赵川目光扫过旁边那群一脸决绝死士,心中暗自揣摩良久,而后沉声。
“我可借予你二百枚陶瓷炸弹,火炮亦借你三门。但需谨记,超重之活计务必由我的人负责,倘若有他们不愿为之事,即便你们将其斩杀,他们亦决然不会从命!此事毫无转圜余地。
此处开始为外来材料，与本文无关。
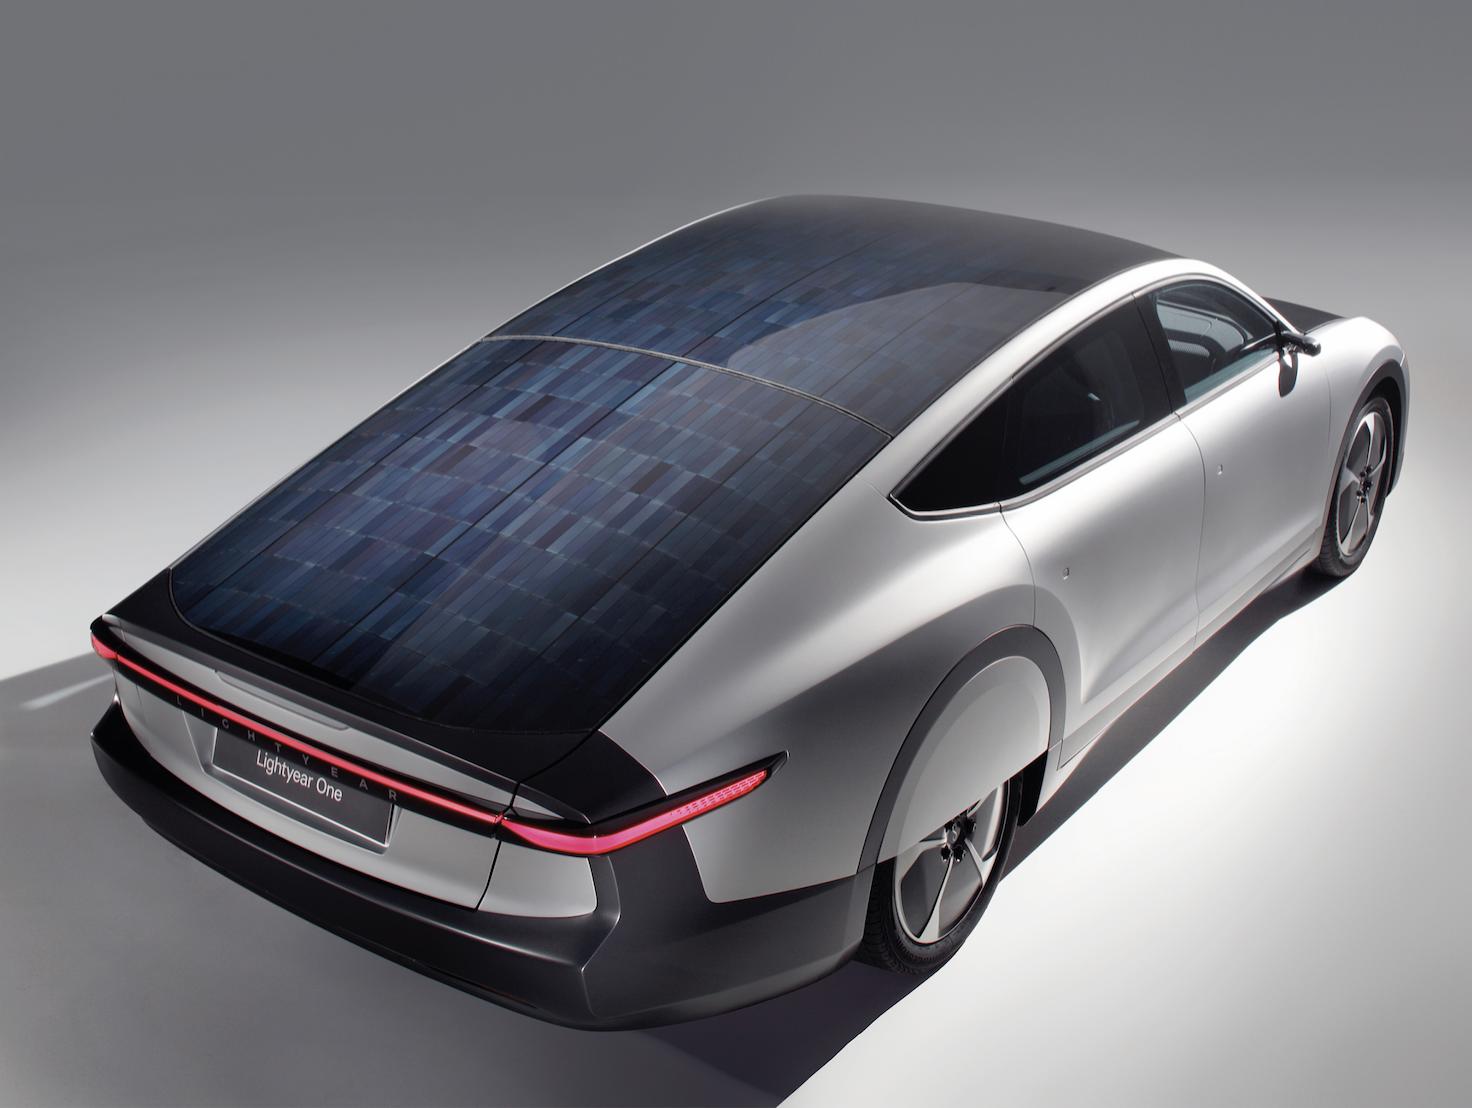 Lightyear Solar Car gets TNO's assistance in curving solar panels
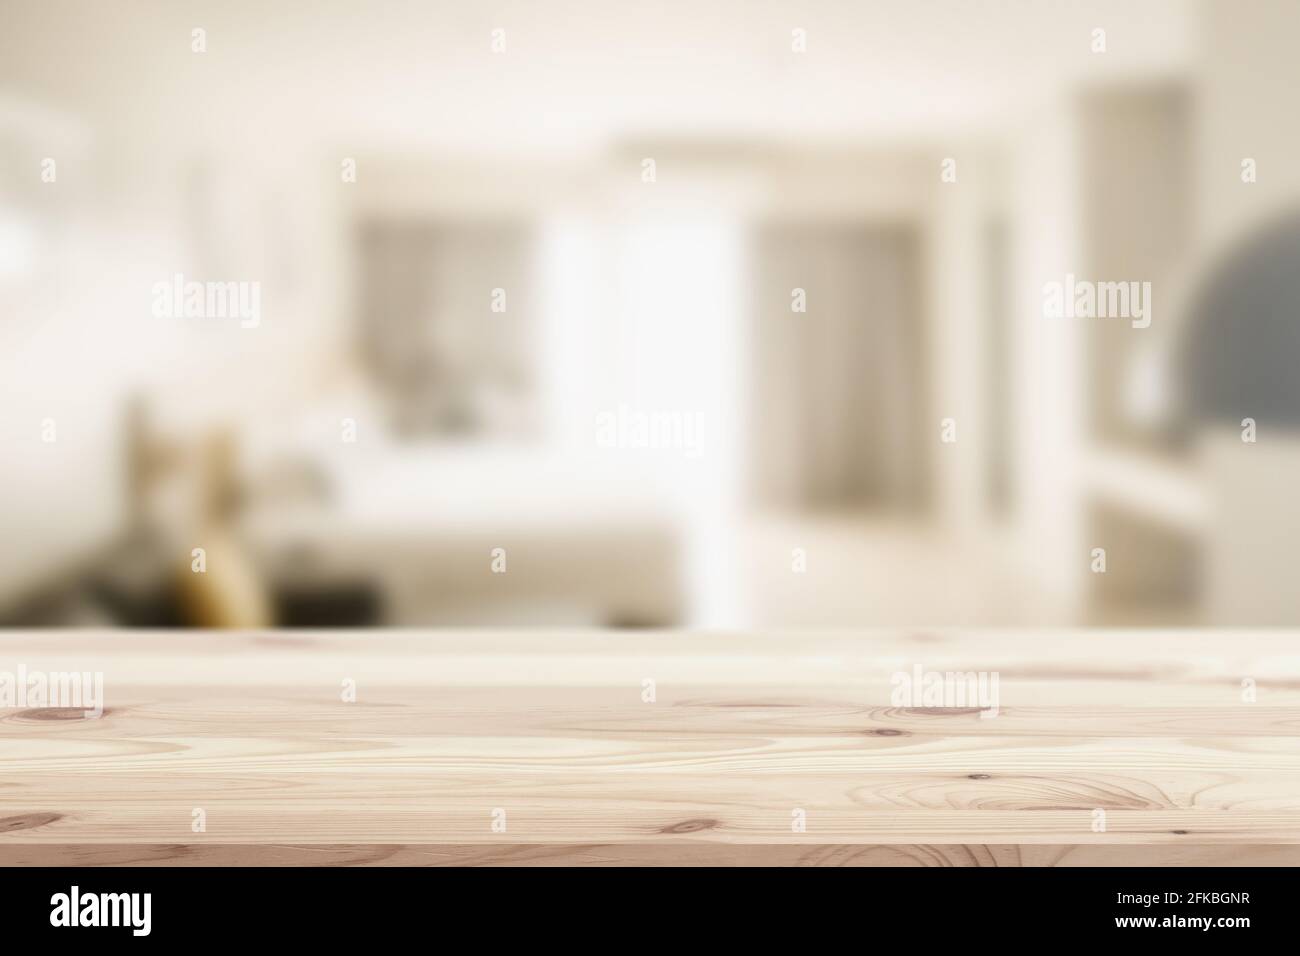 Wooden table top in home or hotel bed room blur background for montage sleeping or house products display or backdrop design layout. Stock Photo

”
项羽虽从未接触过此等新奇之物,却也深知其中利害。
若无专人操持,一旦稍有差池,后果不堪设想,必然是一场灭顶之灾。
他更是心如明镜,赵川之所以这般决定,无非是惧怕自己获取火炮之后倒戈相向,将炮口对准他射击!
项羽思忖片刻,正色道。
“我项籍对天发誓:只要赵川将火药借与我,我断不会用火器攻击赵川,若有违背此誓言,必遭天谴,皇天在上,定不护佑!”
赵川听闻,高声吩咐道。
“孔先生,烦请你派遣一些行事稳重、经验丰富之军士协助项将军操纵火器,另外,你需负责为他们点明必要的火器数量及种类,切不可有半分疏忽!”
孔鲋望向项羽,拱手说。
“项将军,请随我来!”
那三人闻得此言,竟毫不顾念一旁的虞妙云,毫不犹豫地转身便走,毫无留恋之意。
“赵将军……”
虞妙云轻启朱唇,美眸之中满是无助与迷茫。
她望向赵川的眼神带着几分复杂不明的意味,似在祈求,又似在哀怨,让人难以捉摸。
赵川却仿若未闻。
“来人,速速寻一间干净舒适的居室,让项夫人前去歇息,再派遣十名伶俐的侍女伺候在侧,于室外派几名孔武有力的军士站岗守卫,闲杂人等一律不得靠近,若有违令者,军法严惩,绝不姑息!”
虽说虞妙云亦是作为人质留在此处,但赵川并未将其当作寻常人质对待,反倒给予了她极高的礼遇。
虞妙云心中五味杂陈,有感激赵川的宽厚,百般思绪交织,最终她还是默默跟随几名侍女离去。
赵川缓缓将身上绑着的那些炸药一一解下,如释重负般地伸了一个大大的懒腰,长舒一口气道。
“会见这么一个煞星,真是费尽心神,劳心劳力!”
其话音尚未完全落下,一个娇软的身躯便猛地扑入他的怀中,紧紧地拥抱着他,不肯松手。
“赵郎,吓死我了,呜呜……”
虞妙弋的声音带着哭腔,身体颤抖不停,仿若一只受惊的小鹿,惹人怜惜。
见她如此担惊受怕的模样,赵川亦是百感交集,心中不禁泛起丝丝怜惜之意。
“妙弋莫怕,今日之局势尽在我掌控之中。那项籍所倚仗的,不过是一身蛮横之力罢了,论及谋略,他便束手无策,形如莽夫。看似凶猛,实则头脑简单,不足为惧。”
虞妙弋稍稍平复了些情绪,忽然开口说。
“据孔先生所言,行军打仗不可没有军歌,就如那秦国的《无衣》,一经唱响,便能极大地提振士气,使得将士们勇往直前,奋勇杀敌,势如破竹!”
对于歌曲于行军作战中的作用,赵川向来心知肚明。
想当年,在九里山前,韩信精心摆下了十面埋伏阵,张良一曲玉笛,吹奏出那哀怨凄凉的楚歌。
那婉转悲切的旋律,瞬间令八千子弟兵思乡情切,军心涣散,如风流云散,再无斗志。